- **Problem**:
Retype all of the data word for word, without pictures.

- **Collected data**:
════
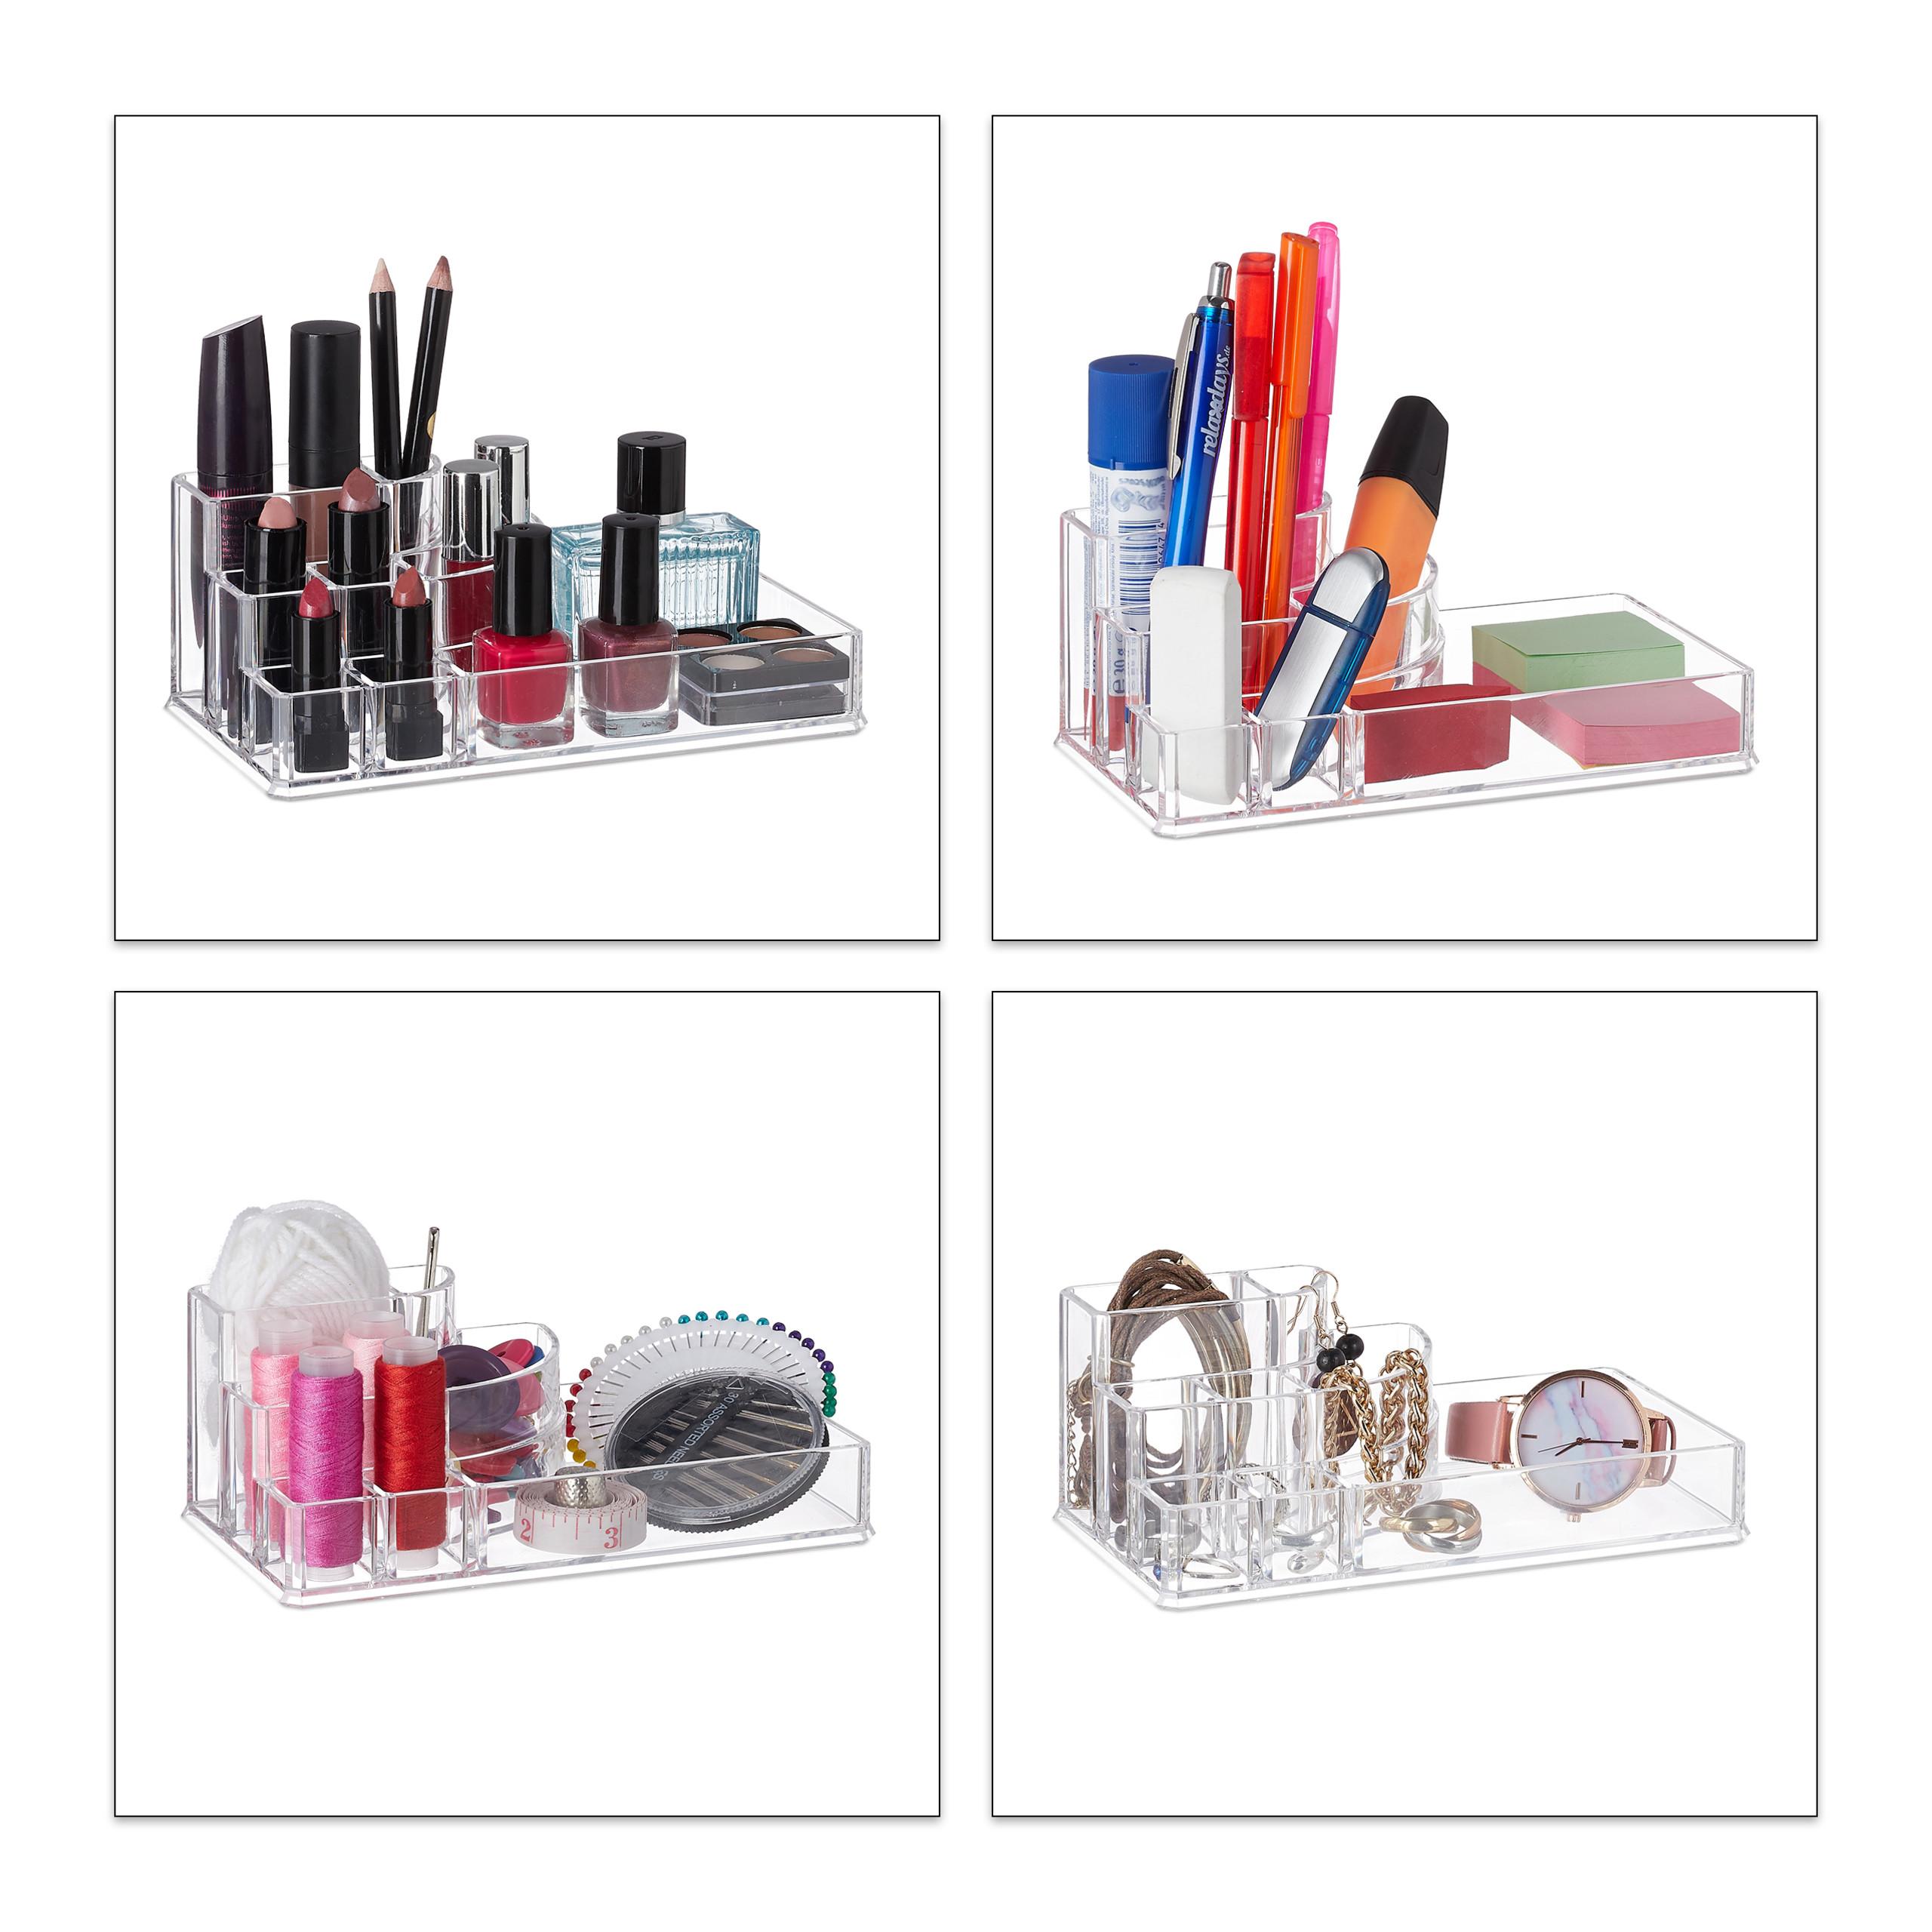 make-up-organizer-acryl-8-vakken-lippenstifthouder-opbergsysteem miniatuur 5
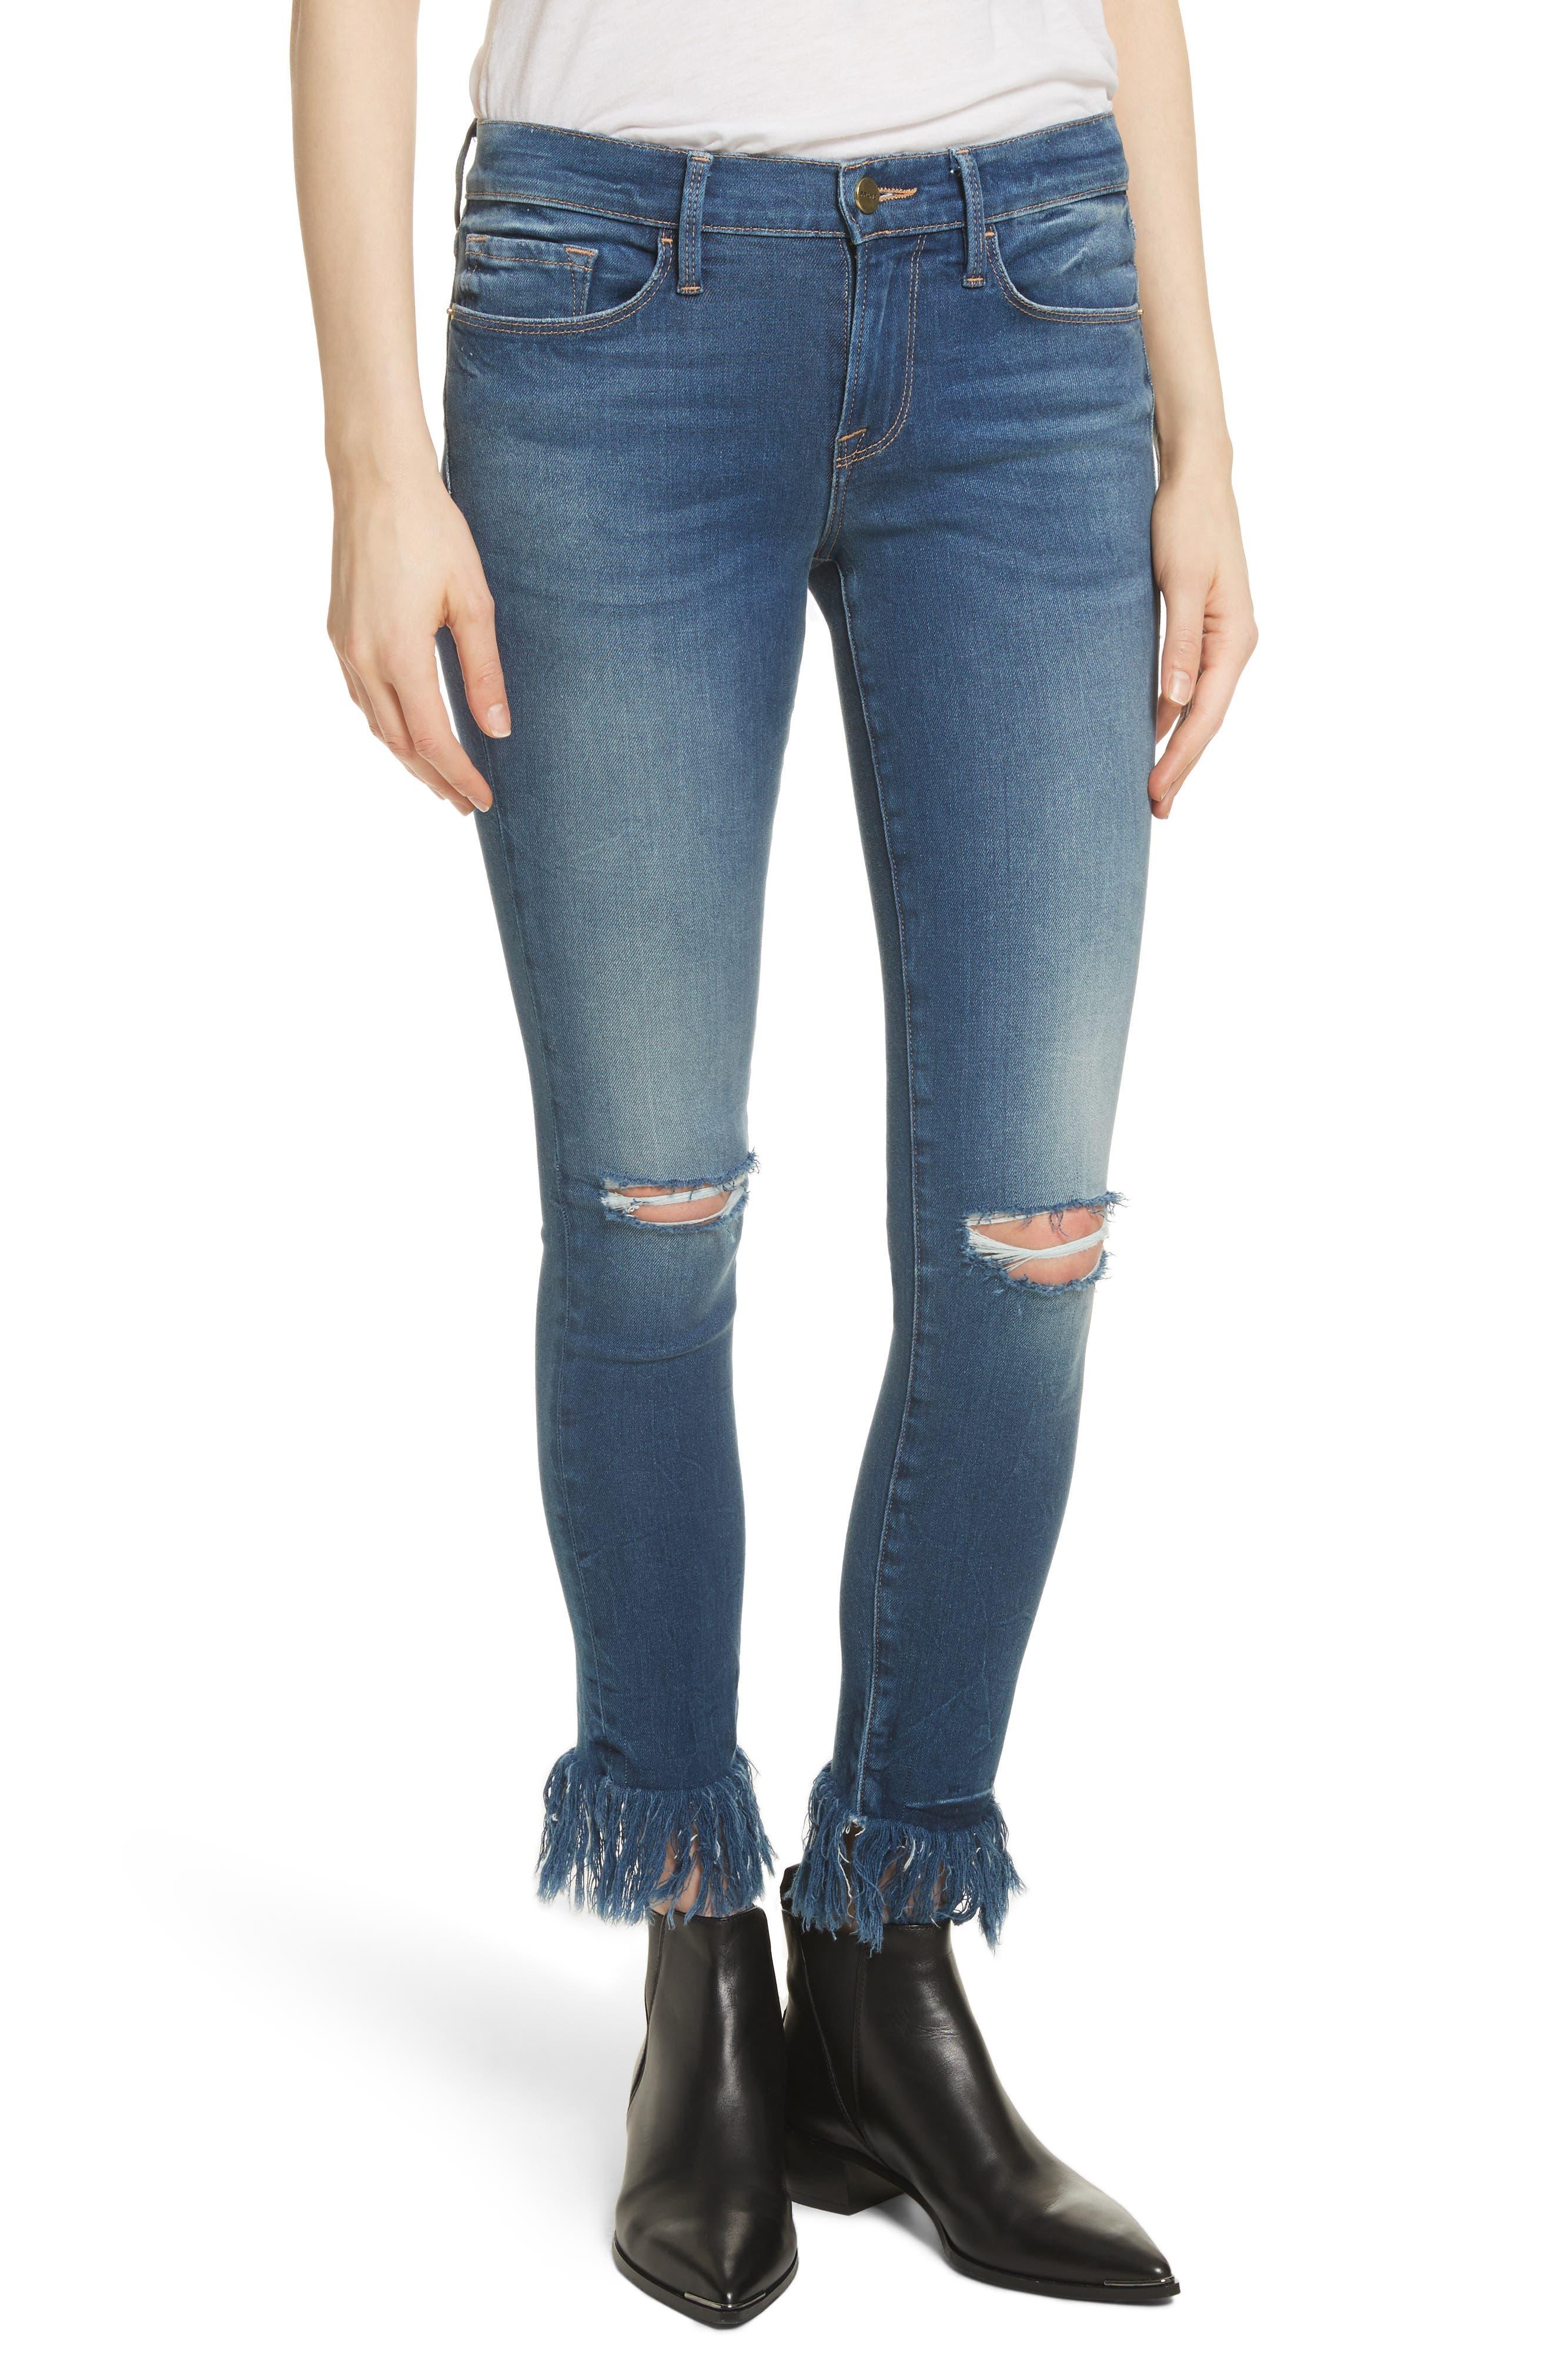 Le Skinny de Jeanne Shredded Raw Hem Jeans,                             Main thumbnail 1, color,                             401
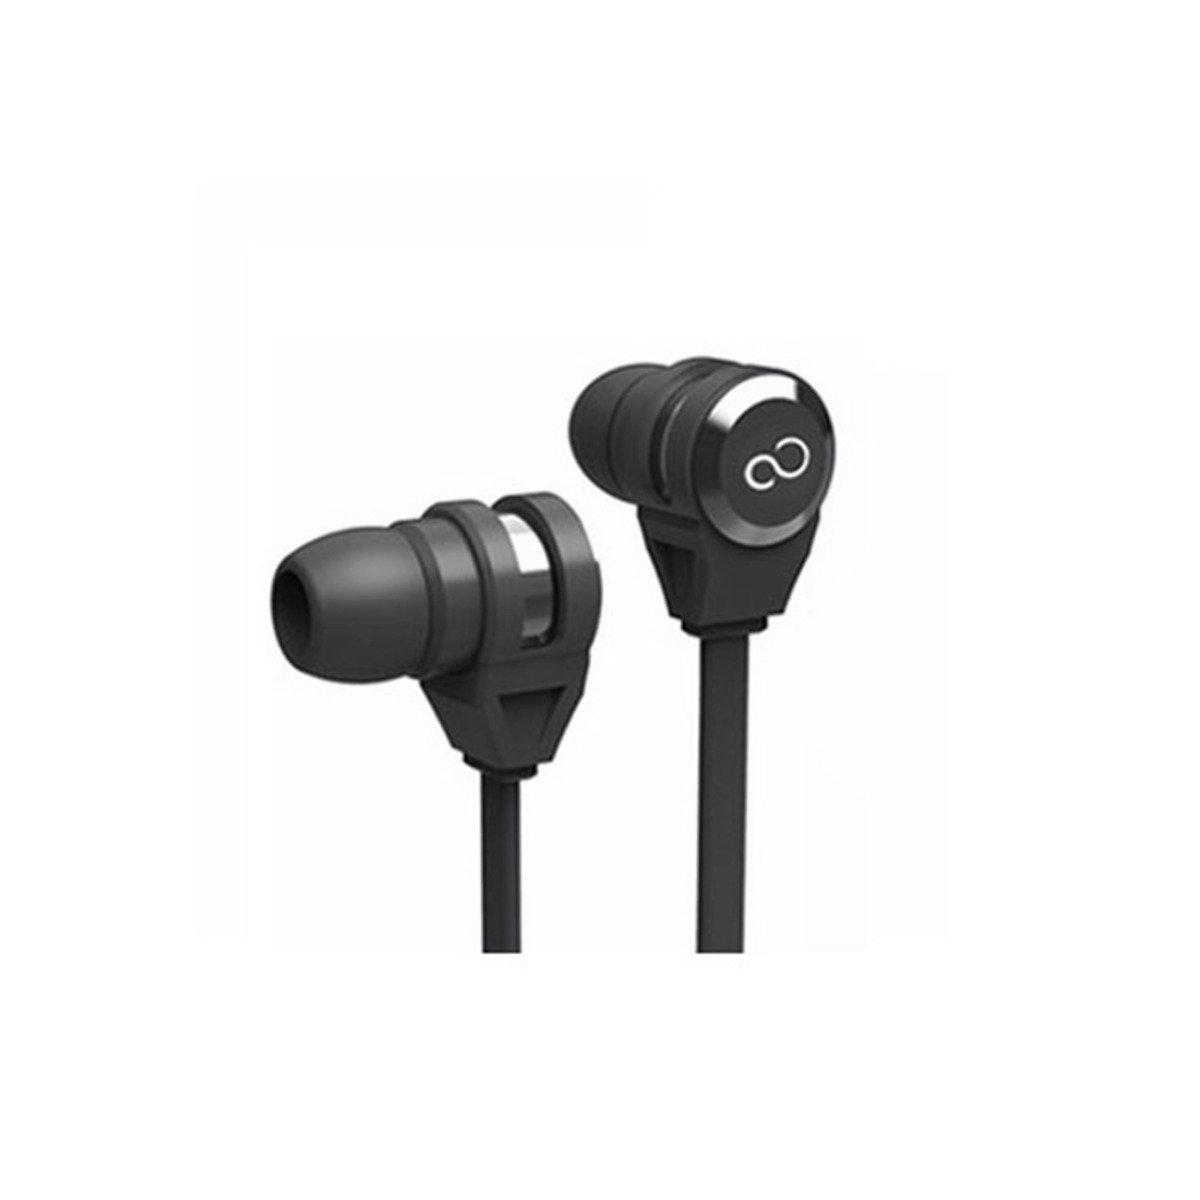 E11B/W IN-EAR EARPHONE w/Mic IOS/Android
════
- **Solution for this task**:
 make-up-organizer-acryl-8-vakken-lippenstifthouder-opbergsysteem miniatuur 5
 Le Skinny de Jeanne Shredded Raw Hem Jeans,                             Main thumbnail 1, color,                             401
 E11B/W IN-EAR EARPHONE w/Mic IOS/Android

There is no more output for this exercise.